#### BRIEF
Images should not appear in the copy, yet every line of the listing below must be printed exactly.

DATASET CONTENT: Begin

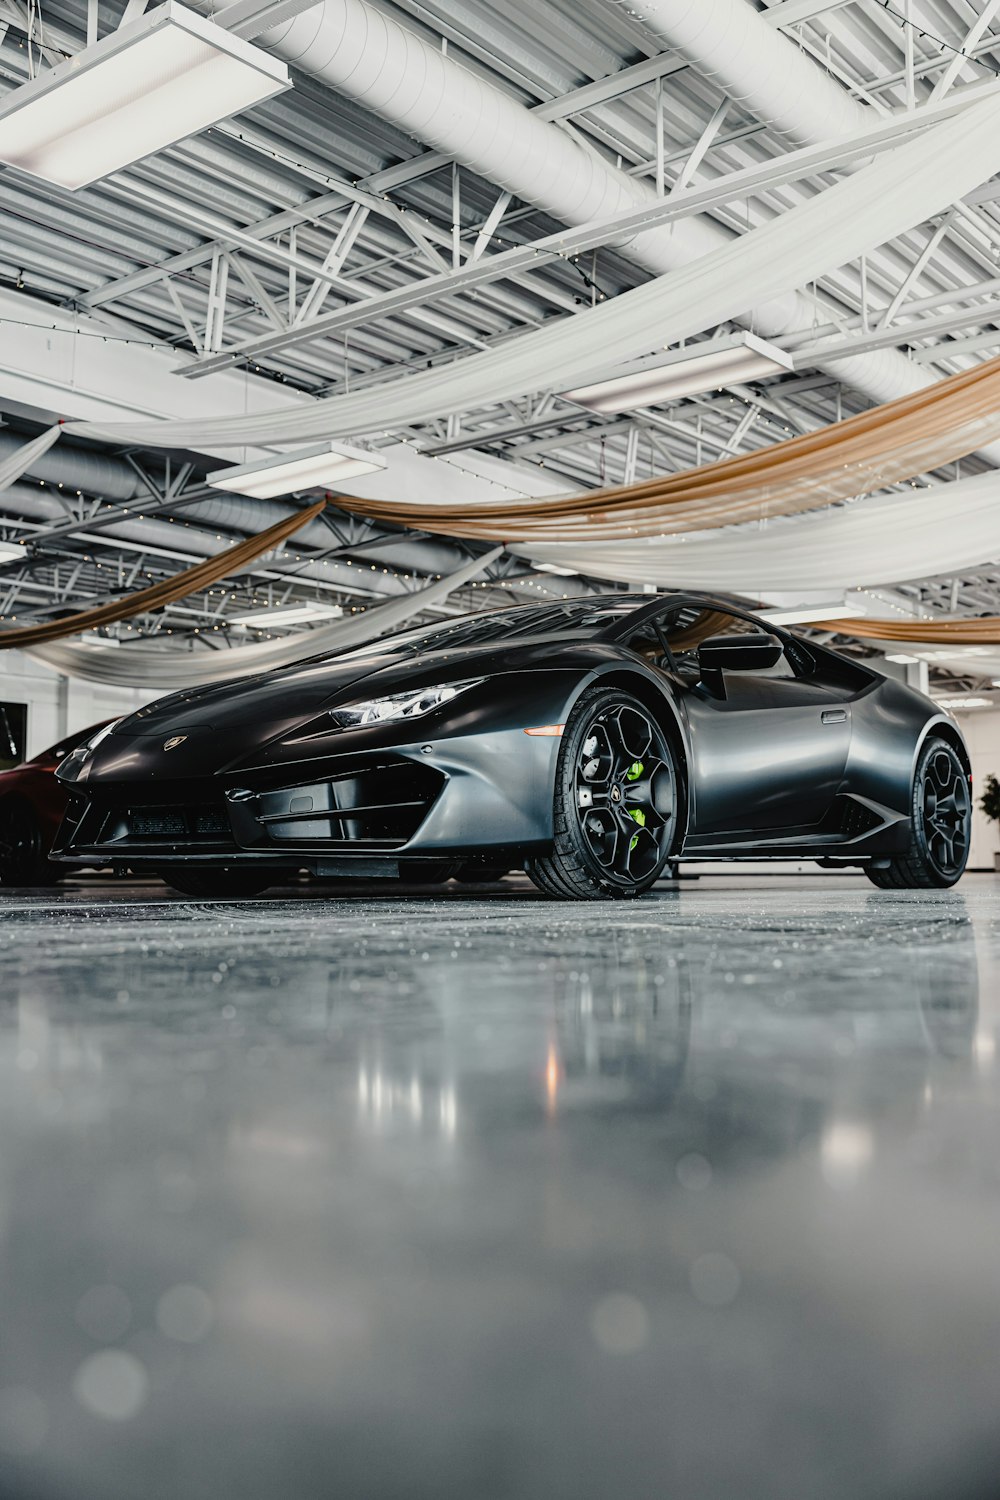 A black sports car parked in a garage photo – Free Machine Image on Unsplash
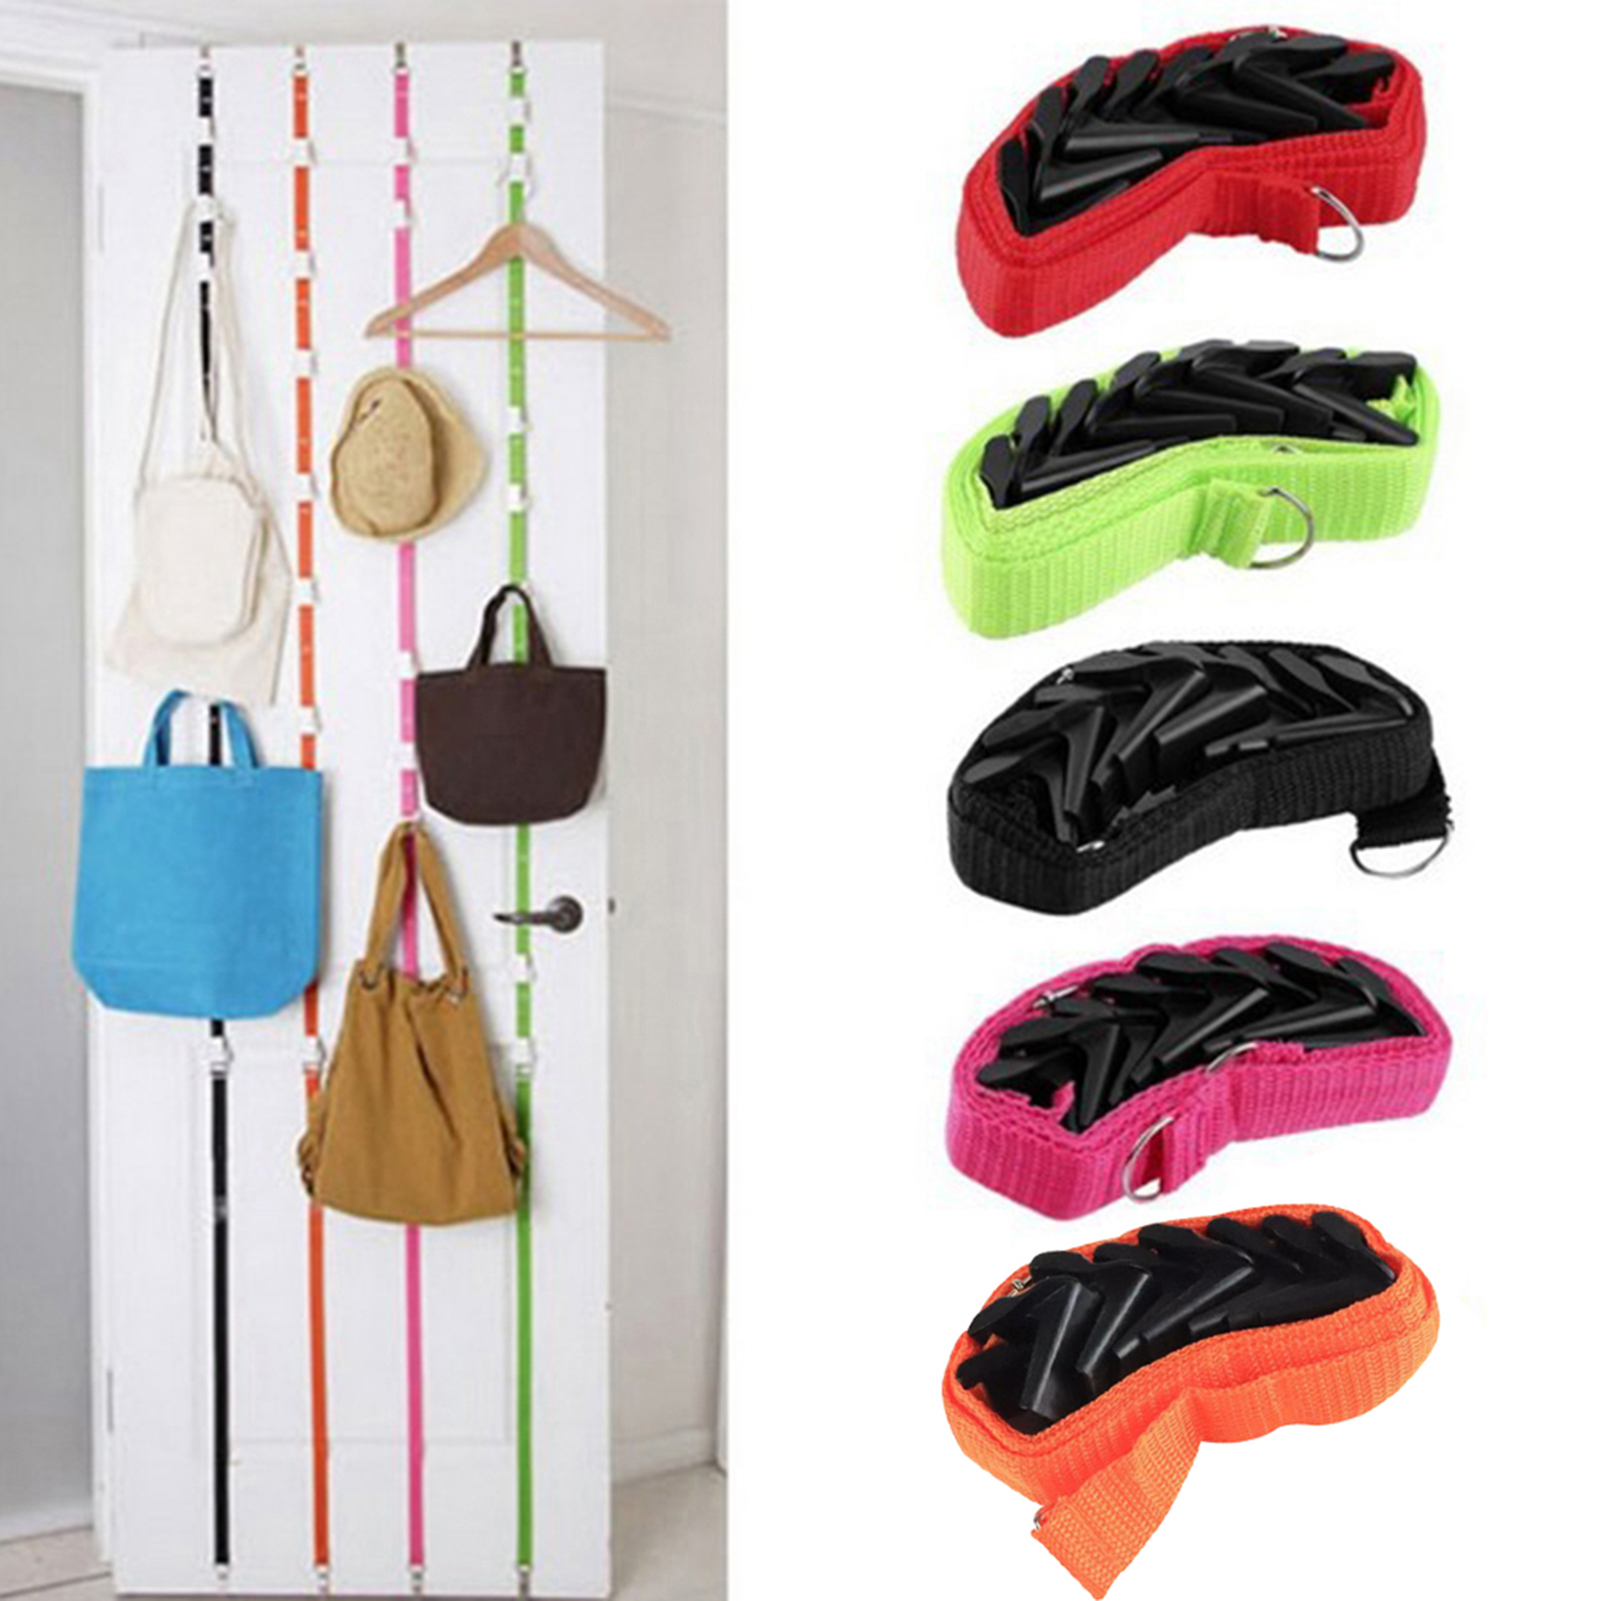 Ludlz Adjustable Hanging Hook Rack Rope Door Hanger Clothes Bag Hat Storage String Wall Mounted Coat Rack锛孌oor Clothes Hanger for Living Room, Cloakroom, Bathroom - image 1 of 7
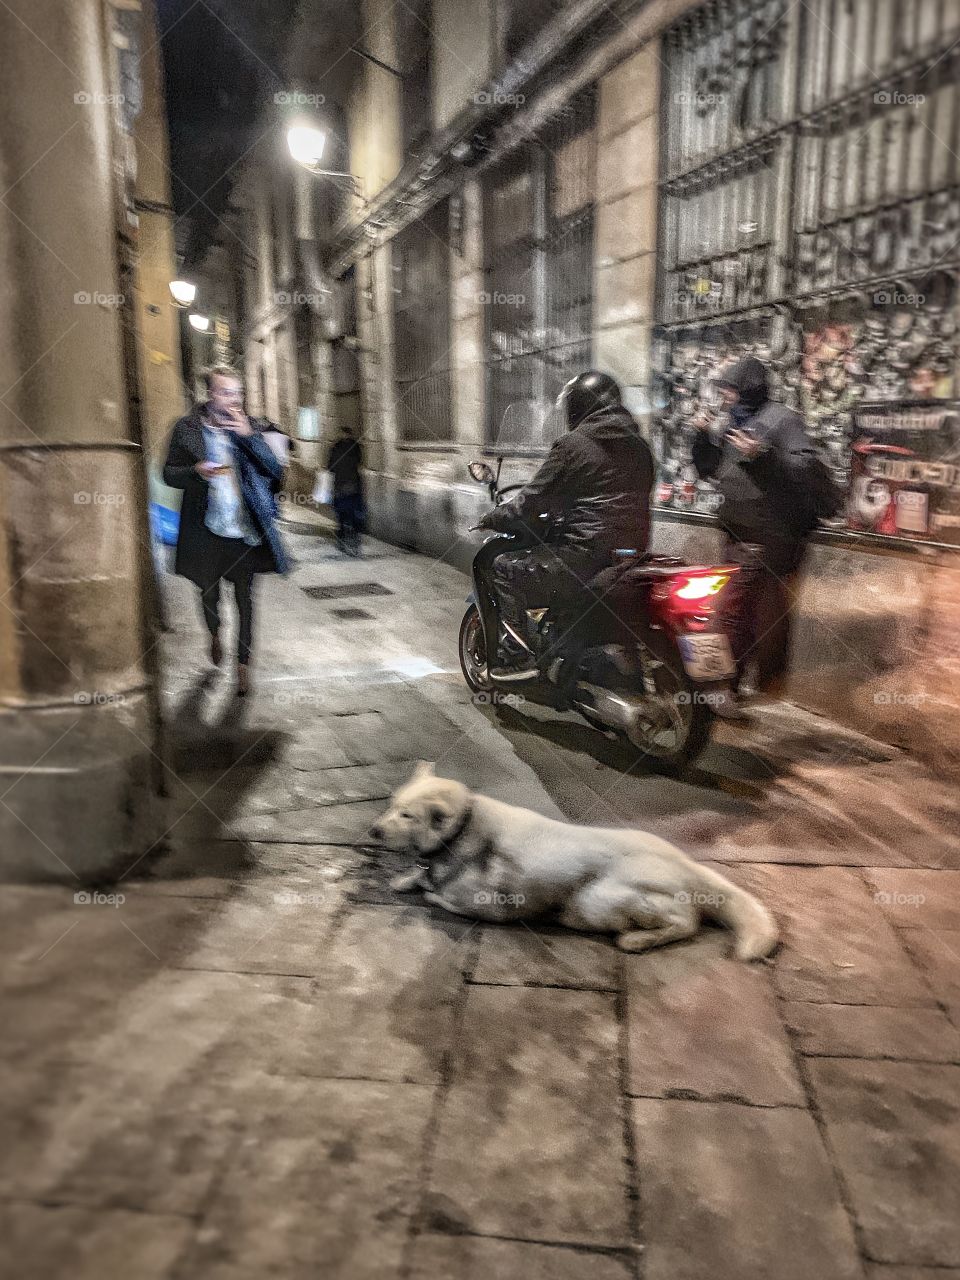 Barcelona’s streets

DATASET CONTENT: End

#### RESULT OF THIS EXERCISE
 A black sports car parked in a garage photo – Free Machine Image on Unsplash
 Ludlz Adjustable Hanging Hook Rack Rope Door Hanger Clothes Bag Hat Storage String Wall Mounted Coat Rack锛孌oor Clothes Hanger for Living Room, Cloakroom, Bathroom - image 1 of 7
 Barcelona’s streets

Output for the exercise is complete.